Sunday, October 28, 2012

Peter Pan

Saturday morning at breakfast (Tommy Colina's, best eggs benedicts I've had in Omaha), I saw a young couple, maybe five years older than me and Joey, sitting at a table eating breakfast with their young son, who was just the right age to be dancing in his highchair.  Looking at this young family, my thought was "wow, they are way young to have a kid".  I've noticed lately that parents in general are getting younger and younger.  It's a nationwide epidemic!  Of course, the reality of the situation could not possibly be that I am an adult and at the age that people get married and have kids.  (Are you kidding me?  I'm barely done being a kid myself!)  It's interesting to me that my mind goes to a widespread change in American culture rather than the logical explanation that, over time, I have grown older and out of teenagerhood (which I was only too quick to make myself comfortable in), to adulthood, which, despite having a job and a fiance, still feels way too old for me.



My boss and friend Rabbi Josh Brown shared a theory he read (posited by those smarter than myself, presumably wielding science) that adolescence doesn't actually end until a person achieves stability in his or her life.  "Stability" is not firmly defined here, as it differs from person to person.  Prime stabilizing candidates include finding a life partner, starting a career, buying a home, and having a child.  I do have a job and a partner, but it is a one-year position (hardly "stabilizing"), and my partner and I are in the process of changing our relationship from an informal one secured through a question and a kiss between teenagers to a very formal one secured through contracts and a huge celebration with our friends and family.  Again, it hardly feels like a "stable" moment in our relationship.

One of the courses I took in graduate school was Culture and Romantic Love, a seminar course that was mostly based around discussing an criticizing readings assigned from the professor.  One of the most highly-criticized books we read was Love is a Story, a collection of individual examples and analyses of the different "story" types that relationships can fall into.  There was the "collection story", in which people use their partners to fulfill roles or fill holes in their lives; the "fairy tale", which hardly needs explanation; and the "game story", which we all admitted to playing in at least once, where the "three days rule" comes into play and entire conclaves of women need to be called to determine the appropriate steps to take in a new romance.
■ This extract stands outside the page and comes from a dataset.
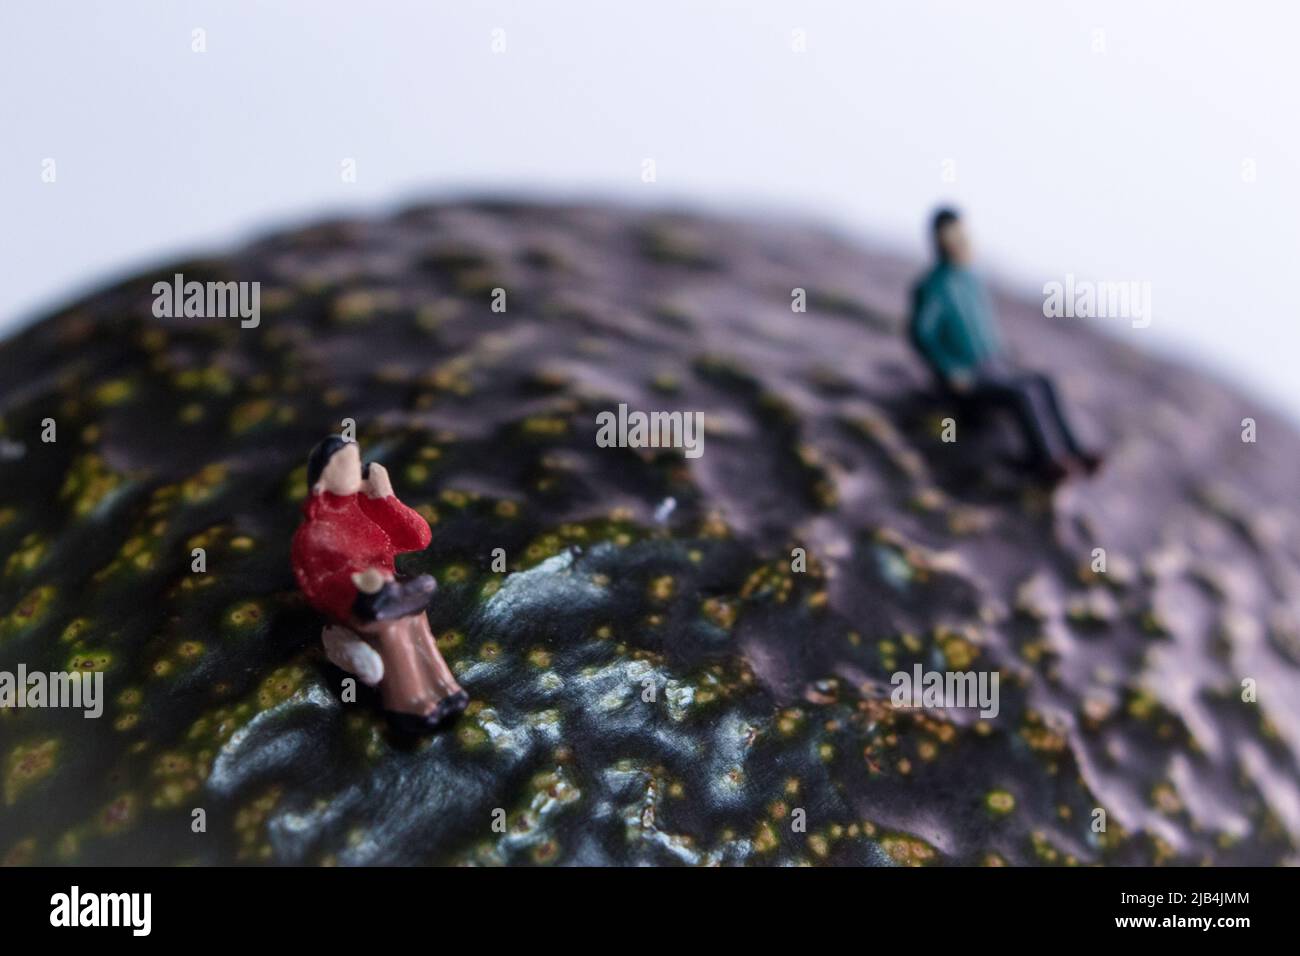 Eine Miniatur-Frau im roten Mantel, die auf einer Avocado (Alligatorbirne) sitzt. Die Frauen halten Abstand von dem Kerl. Stockfoto

One that particularly stuck with me, though, was the "journey story", in which the partners are always focusing on the next great adventure together.  The book chooses to illustrate the folly of living this love story (all the love stories in this book seem to end in disaster) through a young couple that decides to pack up their lives and road trip across the country to open up a restaurant.  The restaurant will probably fail, but that's okay because the couple will just start a new adventure.  Like young sharks in love, as long as they keep moving, their relationship will survive.  If they find stability, they won't know what to do with each other and the once-exciting relationship will crumble under the crushing weight of normalcy.

This picture may only make sense to Kaylen and Brianna.  
When I read this story, I couldn't imagine how any relationship could really stop being a journey.  Looking at my own, it certainly always felt like we were always moving, heading toward some goal.  First we were just getting to know each other and learning how to date through the hardest semester of Joey's undergraduate career.  Then it was the semester leading up to Joey's semester abroad, and figuring out what that would mean for us.  The Paris Semester was an emotional (and literal) odyssey in itself, followed by The MCAT Semester, then The Year of Med School Applications (AKA Learning to Live Off-Campus), and The Year Apart (AKA The Year of Many Job Applications).  Never did I really feel that we were in a comfortable, settled place that wasn't likely to change.  Presumably, the relationship could then continue either to a breakup or towards engagement and marriage.  Since I didn't have my own experience in that realm, I thought of my parents.  After they were married, they had a kid (me), then another (Janna), so those were clearly two big adventures.  And even within that, there's The Newborn, The Toddler, The Newborn and Toddler at the Same Time, The Teenagers... I can't really see a point where things won't still be changing for them, even if it's all stuff they've done but now they're the parents instead of the main players.  I imagine that First Daughter's Wedding is a journey, as is Second Daughter's Graduation and whatever else is in store.

Perhaps the reason that it seems to me that we're all kids doing adult things is because I can't see the stability on the horizon that is supposed to signal the end of adolescence.  Beginning adolescence was obvious.  I got invited to parties that weren't thrown by parents, I learned to drive, my friends were the most important things in my life, and I stayed up all night doing homework.  Beginning adulthood is much more confusing.  I'm getting married and actually have a job where I'm in a position of some power, but it seems "stability" will have to wait, because we're still at the beginning of our journey.